With so much open water in the summer, heat is absorbed into the ocean as never before.  When winter comes, the Arctic re-freezes – but not as thickly as it used to - and in so doing it first has to give that heat up that has been absorbed in the upper 10 to 40 metres of the water.  That relinquished heat in turn warms the overlying atmosphere and weakens the Polar Vortex, which is a large-scale region of air that is contained by a strong west-to-east jet stream that circles the polar region. 

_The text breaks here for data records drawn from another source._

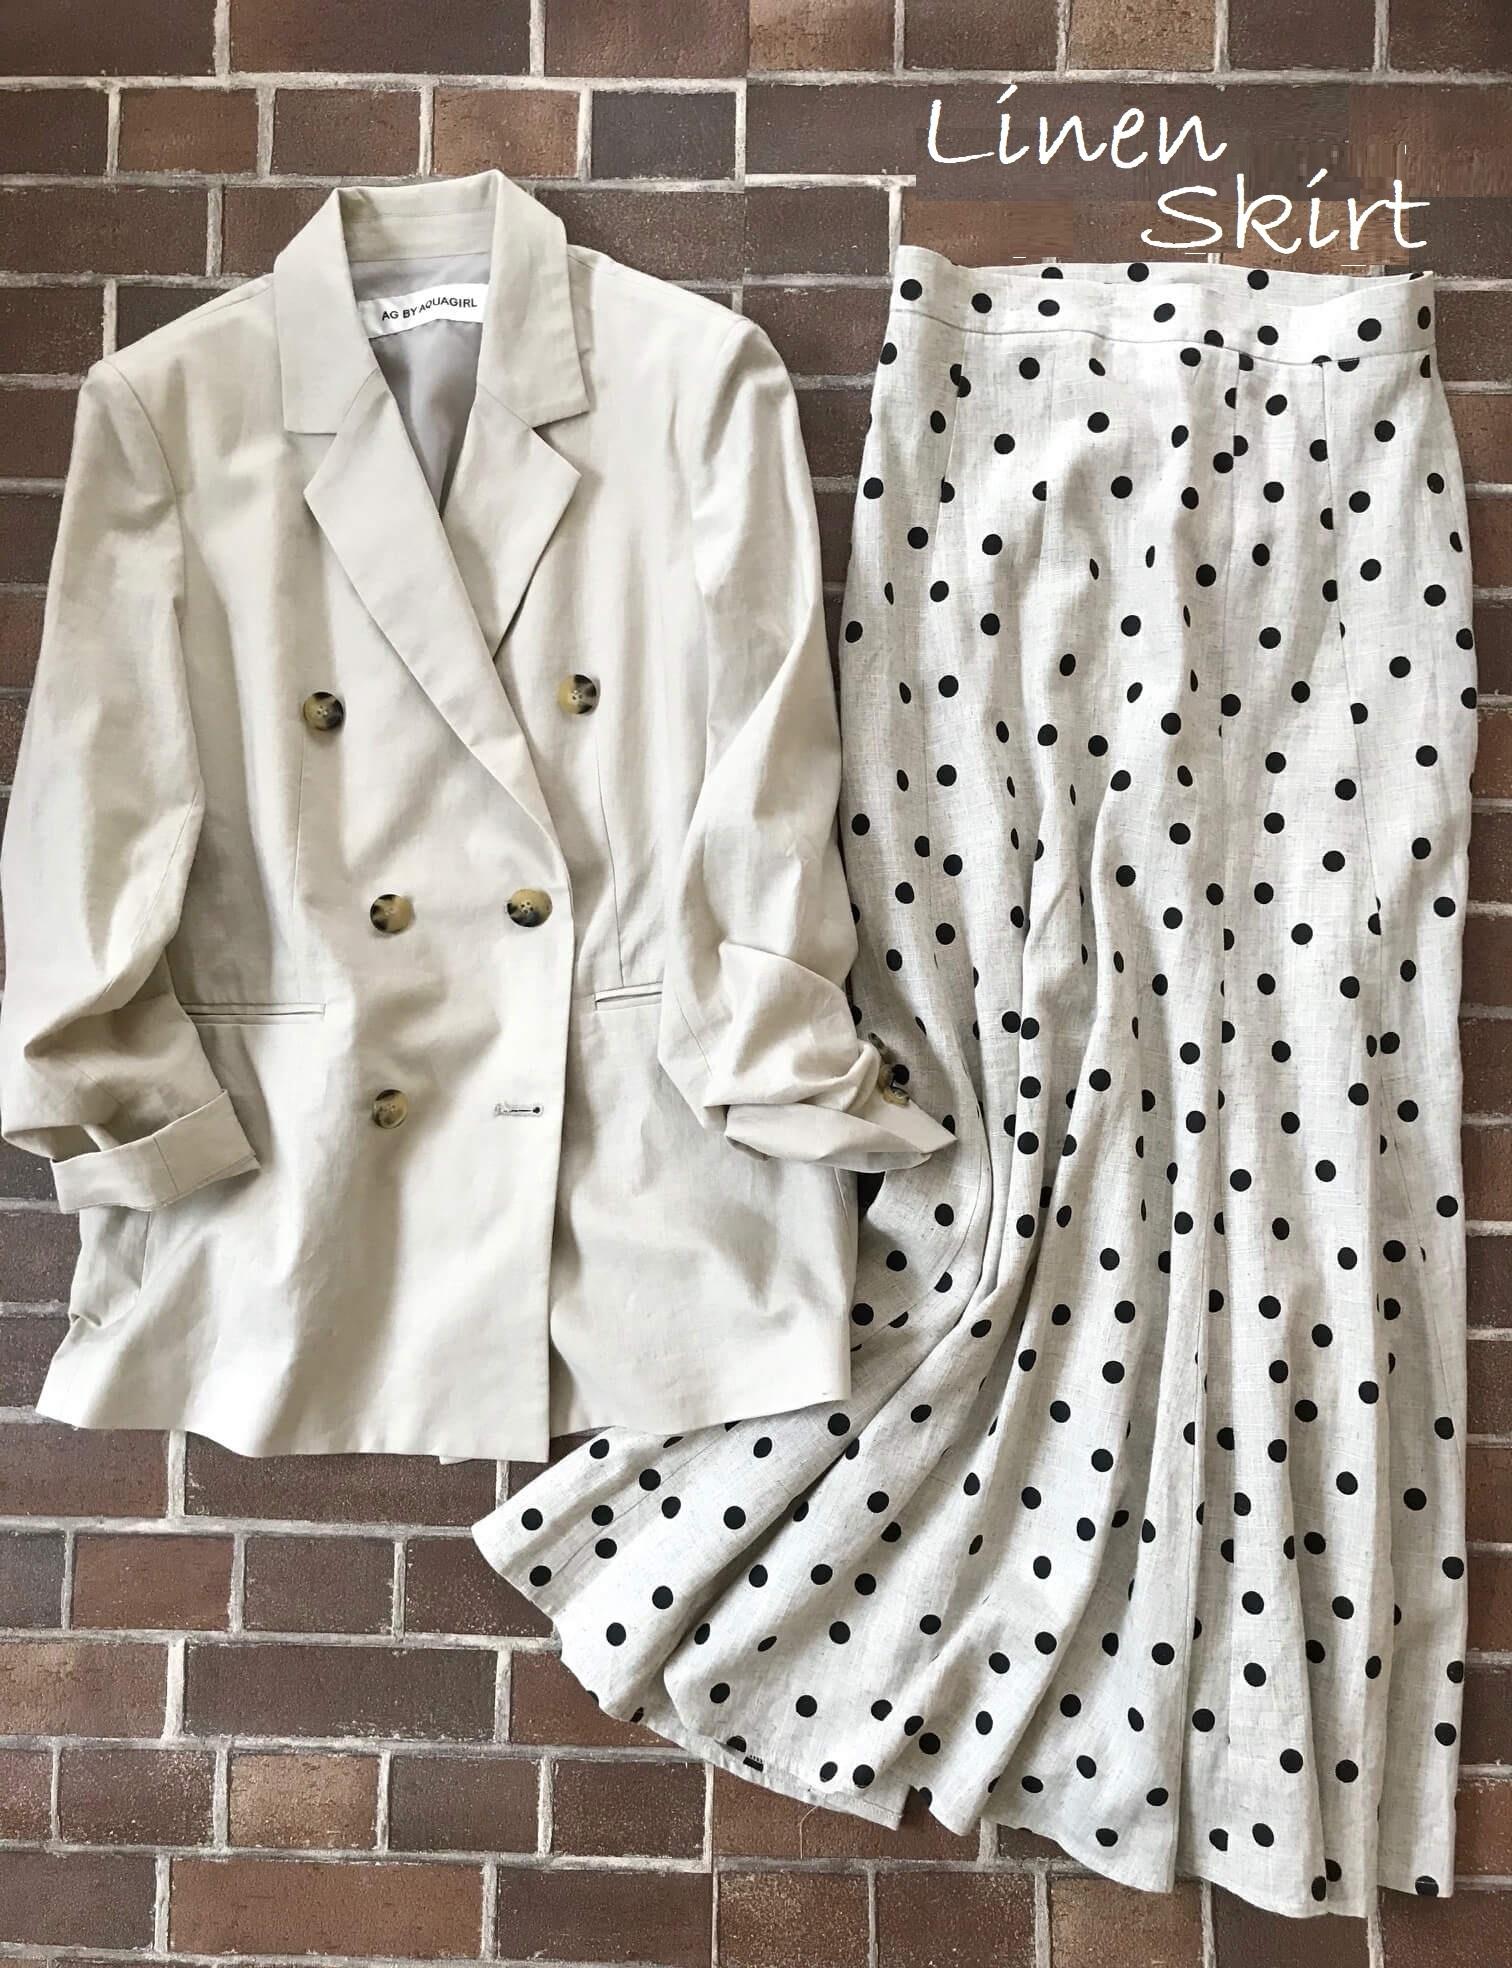 AG by aquagirl のジャケットとリネンスカートを合わせた画像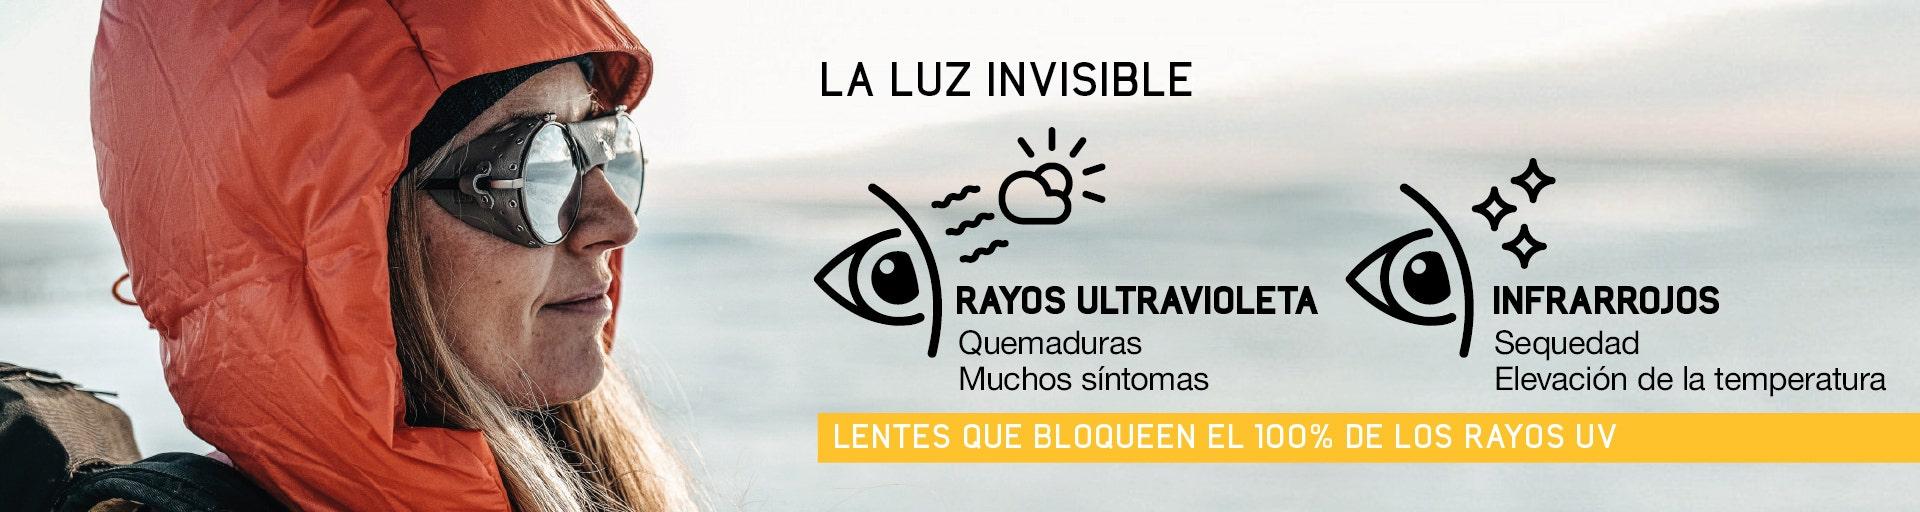 Luz invisible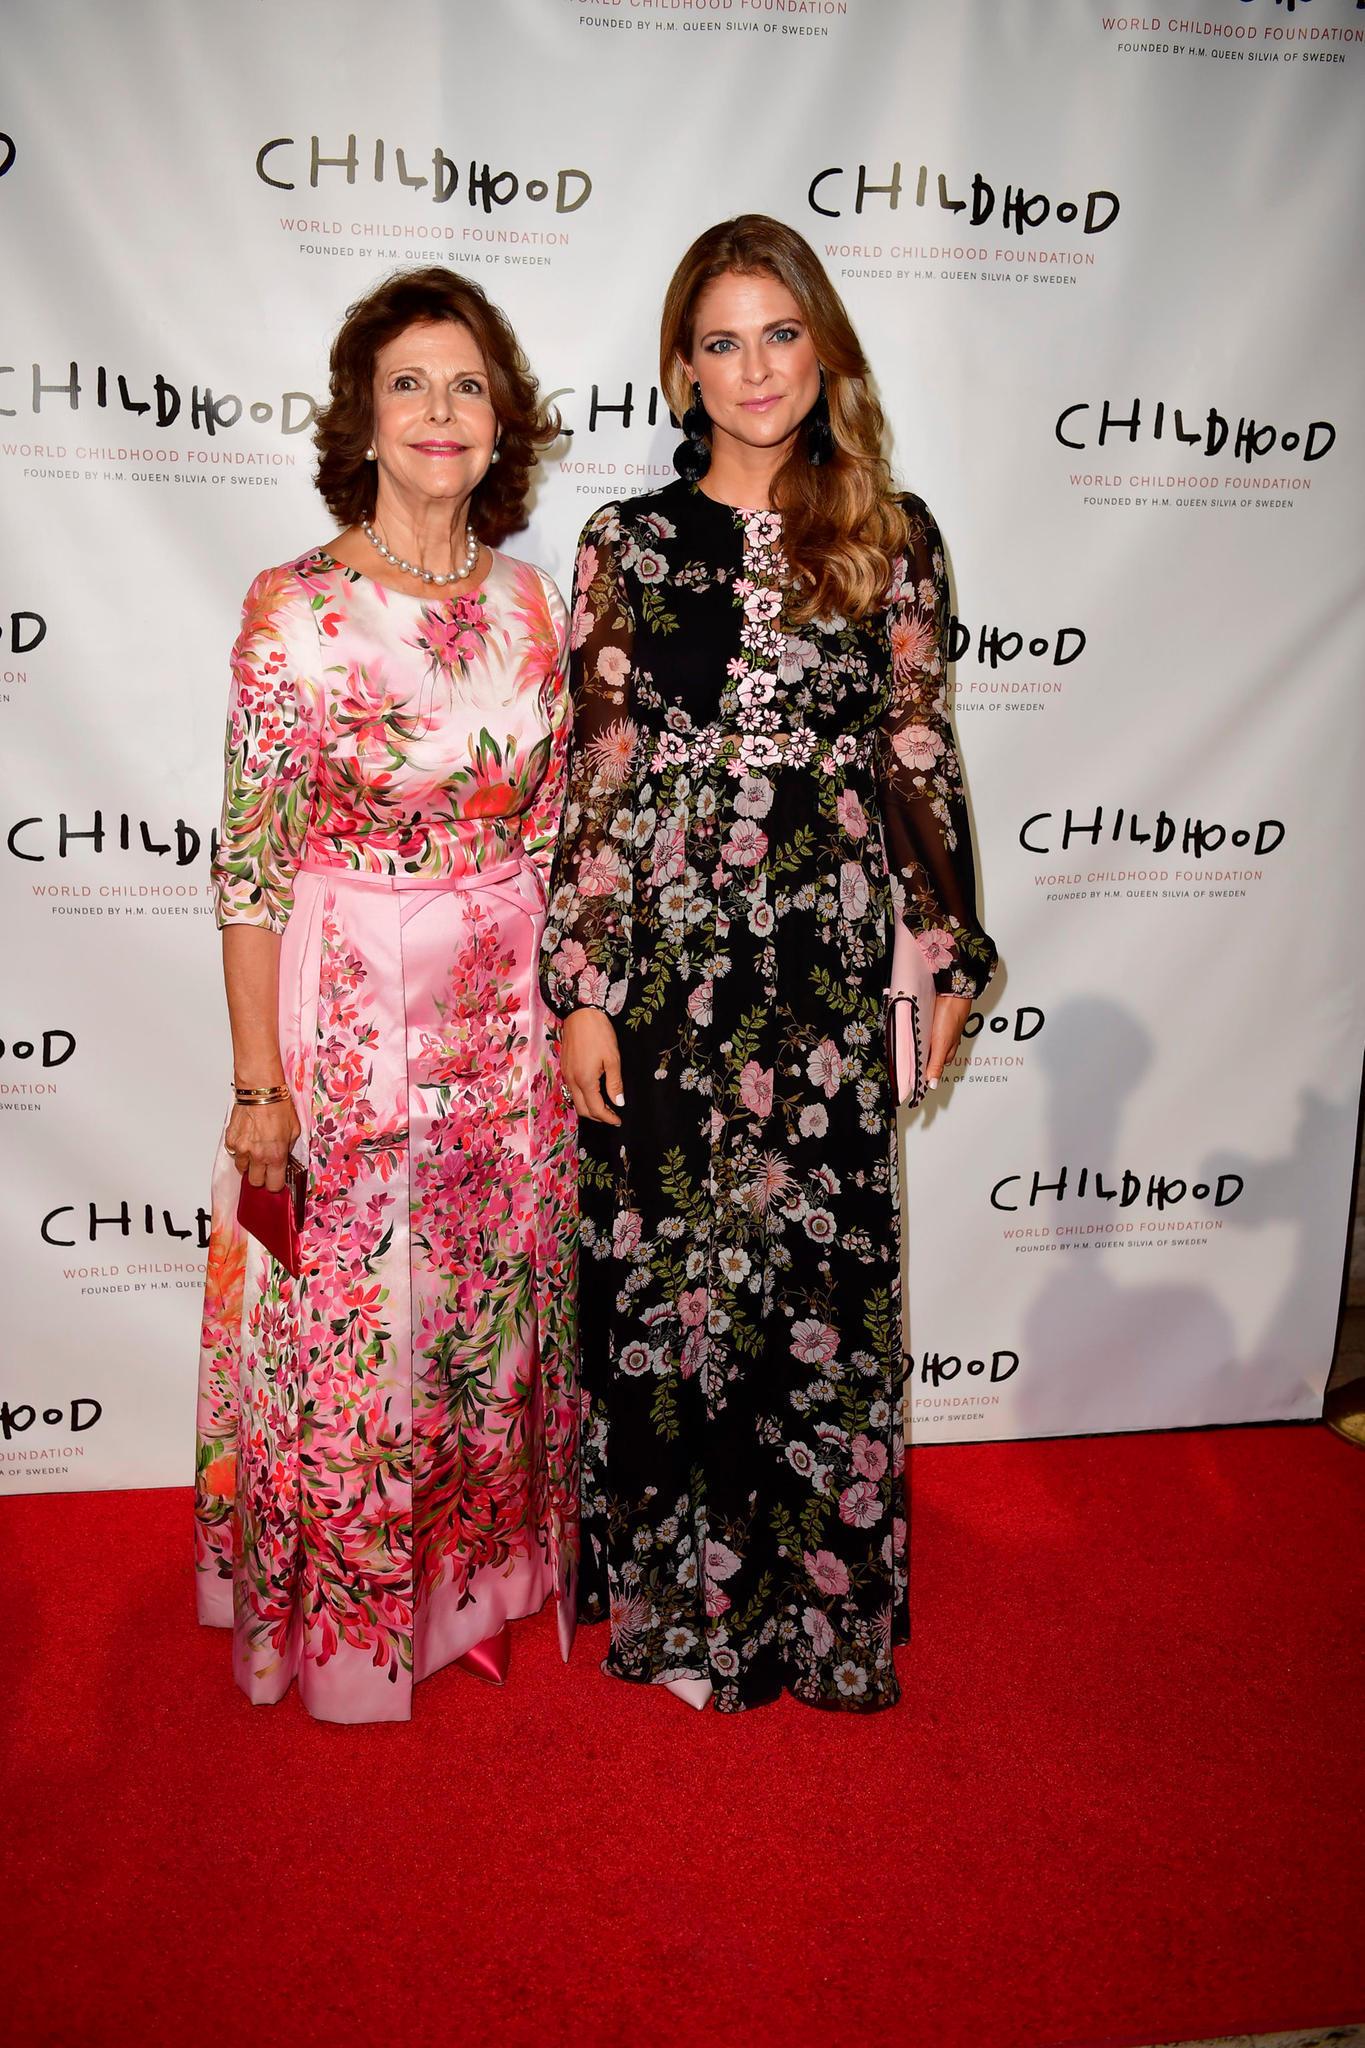 Mutter und Tochter gemeinsam in New York: Königin Silvia von Schweden und Prinzessin Madeleine

Dr. Carmack: "Heating the polar vortex causes it to rotate slower. When it rotates slower its outward boundary - which is the polar jet stream - starts to become unstable. And wiggle. It develops large meandering waves and they move slower around the earth and they tend to "block".  Blocking means that weather patterns tend to remain longer in a given spot.  So a heat wave, or drought, or hurricane might last uncomfortably longer in a given place."

He adds, "At both the higher atmospheric levels and closer to the water surface, conditions in the Arctic set the scene for Arctic air masses to destabilize and shift south - to interact with hot, wet air from farther south. This means we can expect more frequent large-scale extreme weather events in the southerly regions of Canada and the United States, when Arctic and sub-tropical air masses clash, such as with Hurricane Sandy."

Dr. Carmack cautions however, that these are general characteristics.  On the other hand, he underscores the undeniable set of cascading linkages.  He points out that if the Arctic ice thins - which it is - and if more heat is stored in the surface during summer and if this weakens the Polar Vortex - which is exactly what is happening - and if in response the Polar jet stream develops large meanders - which does happen - then there are connections to the storms we have been seeing over the past few years.  The leap, he suggests, comes by suggesting that one particular meteorological event, like Hurricane Sandy, that took place over a period of 4 to 8 days was absolutely connected to all of this.

He also likens the linkages to falling dominoes.  It took us a long time to tip over that first domino - to get the ice thinning in the summer to have an impact on atmospheric events. But there are other dominoes, all banging into each other.  Rising water temperatures, ocean acidification, changes to the structure of the food web, changes to the basic patterns of primary food production - to name but a few. 

He points out that the climate process is a two-way street.  "The perception is that the Arctic is some kind of victim," he notes.  "We produce the carbon dioxide down here and it gets all the punches up there. I think that what people ought to realize is that the Arctic is not going to take this lying down.  As we are seeing it's going to send some pretty drastic changes to the comfort zone that we live in - whether we are talking about changes in our weather patterns, our rainfall patterns, our temperatures, the length of extreme events, like droughts and cold snaps, and so on.   There are indeed going to be consequences to what we are doing to change our connectivity with the Arctic." 

So, have we reached a tipping point?  It probably depends a little on what you call normal, or have come to accept as a new normal.

Dr. Carmack:  "We are increasingly living in a nonlinear and unpredictable world.  It is a complex and chaotic system that – with our help – is changing very quickly. In the Arctic that nonlinear unpredictable future has arrived already. By studying and understanding the processes that are taking place there, we in fact have a chance to look into the future.  Doing so will allow us to come up with better climate policies down here before the kind of massive changes that we are seeing north of us trickle down and take over our domain where we live, breathe and feed ourselves."

Wherever anyone comes down on the climate debate, one thing is certain. It can only be in our own best interests to understand how things are connected and try to come up with policy responses and adaptations that will work. The Arctic has provided us with a glimpse into the future.  It is up to all of us to heed its warnings, take them to heart, and ask our decision makers to come up with mitigating strategies to prevent the possible from becoming the inevitable.  

The Boy Scouts said it best, "Be Prepared".